After the Vietnam war, human rights were cynically adopted in a calculated way as a rationale for US foreign policy engagement.
If one considers such milestones as the fight for Soviet dissidents, Tianianmen Square, and today’s “War on Terror”, one can see exposed how the human rights movement has all too often failed to challenge Washington’s strategies and has instead been exploited for political advantage.

The mantra of “rule of law” has likewise been exploited to promote geo-political objectives having nothing to do with justice.
For example, when Britain was forced to acknowledge the political independence of erstwhile colonial possessions in Africa, such as Zimbabwe, Kenya etc, independence constitutions were cunningly crafted in Whitehall to make it possible for political control to continue to be exercised by London in the guise of judicial independence.

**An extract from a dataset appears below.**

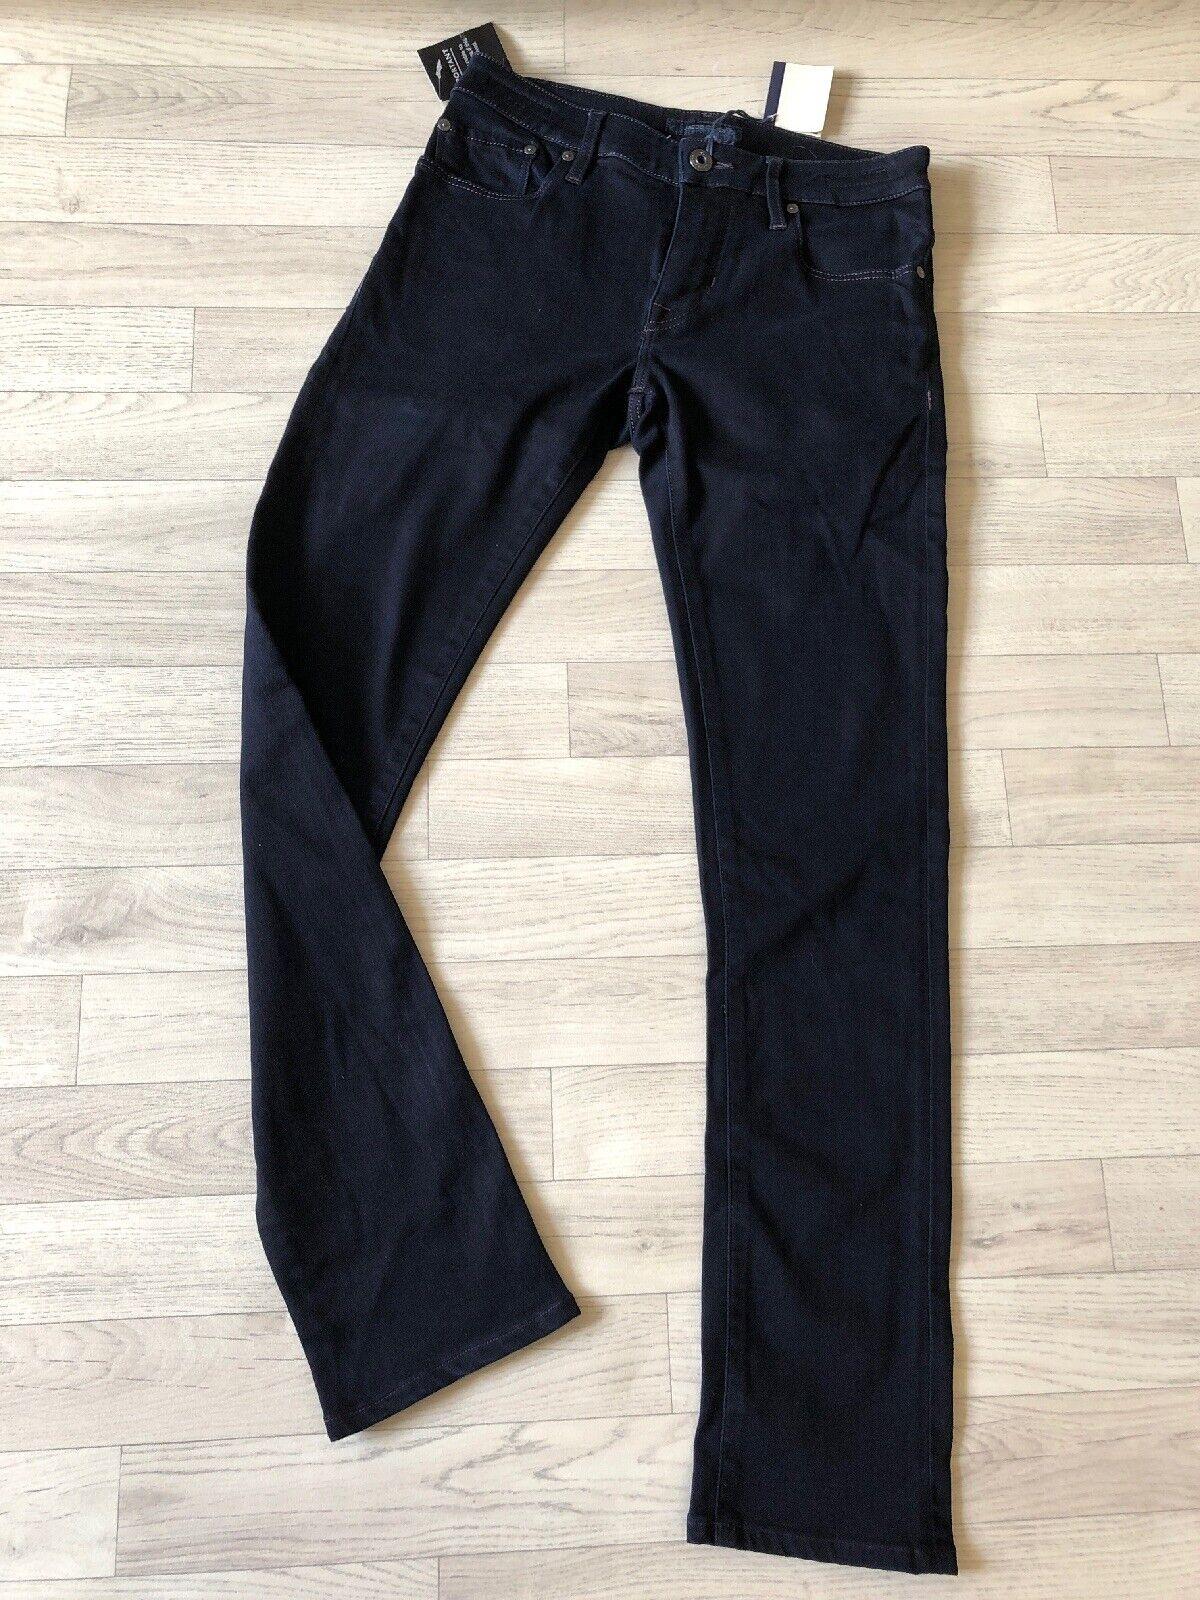 88f47ee160 Cohn Jeans da Uomo a Mano JACOB COHEN Slim Skinny Jeans W28 L30 XS ...
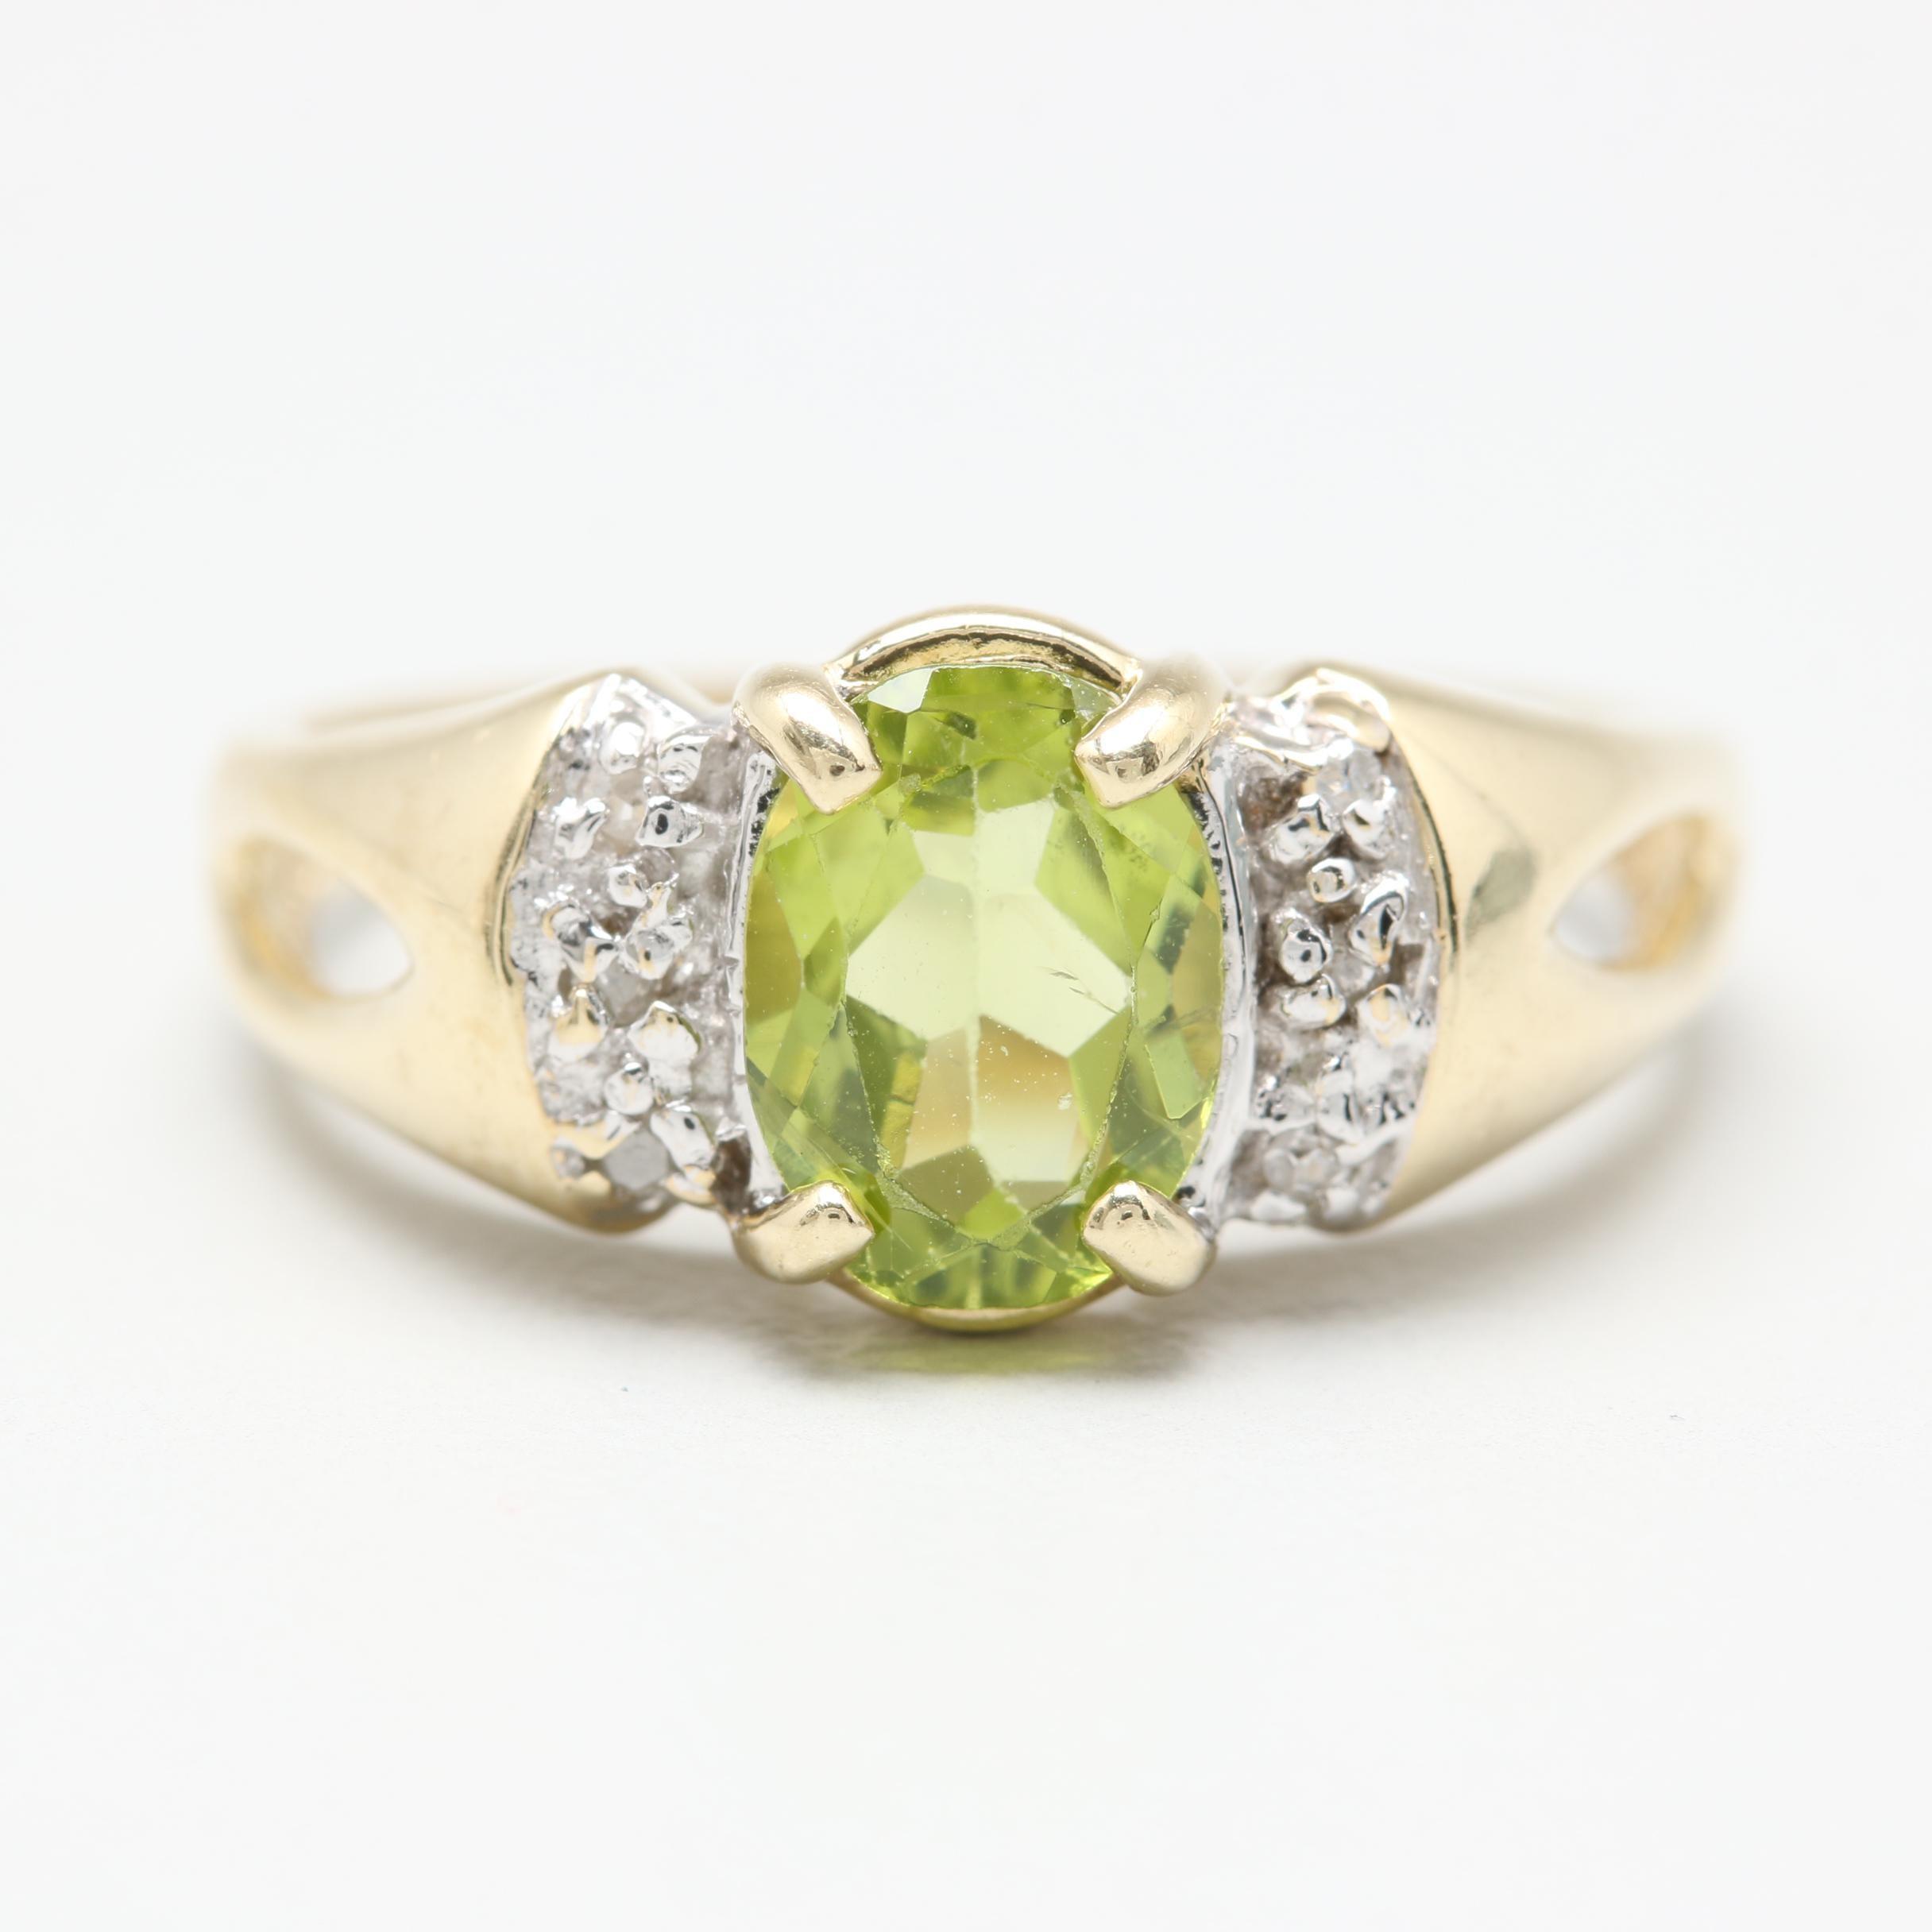 10K Yellow and White Gold Peridot and Diamond Ring

The worthwhile doctrine of judicial independence was cynically co-opted and subverted by Whitehall so as to do the unfinished business of Empire, and in a bid to defeat African independence.

The people of Africa still endure many human rights abuses such as poverty, political impunity, corruption, war etc.
Those people in Africa who desire to fight these abuses should mobilise support primarily from the victims themselves.

Outside the borders of Africa, there are many well-meaning individuals, including some in the West, who may be able to assist the people of Africa in this regard.
The major pitfall to be avoided however is placing exclusive reliance on the support of Western governments or on their formal institutions.

In this regard, one gains the sense that Georgias would have fared better in the courts of Europe had he somehow found a way to enlist the mass support of the people of Zimbabwe, and had he found ways to appeal directly to the conscience of the people of Europe in general and Britain in particular.

As it is, the Georgias cases are too confined to official or professional corridors.
As such, they are vulnerable to manipulation by the hidden hands of the ghosts of the British empire.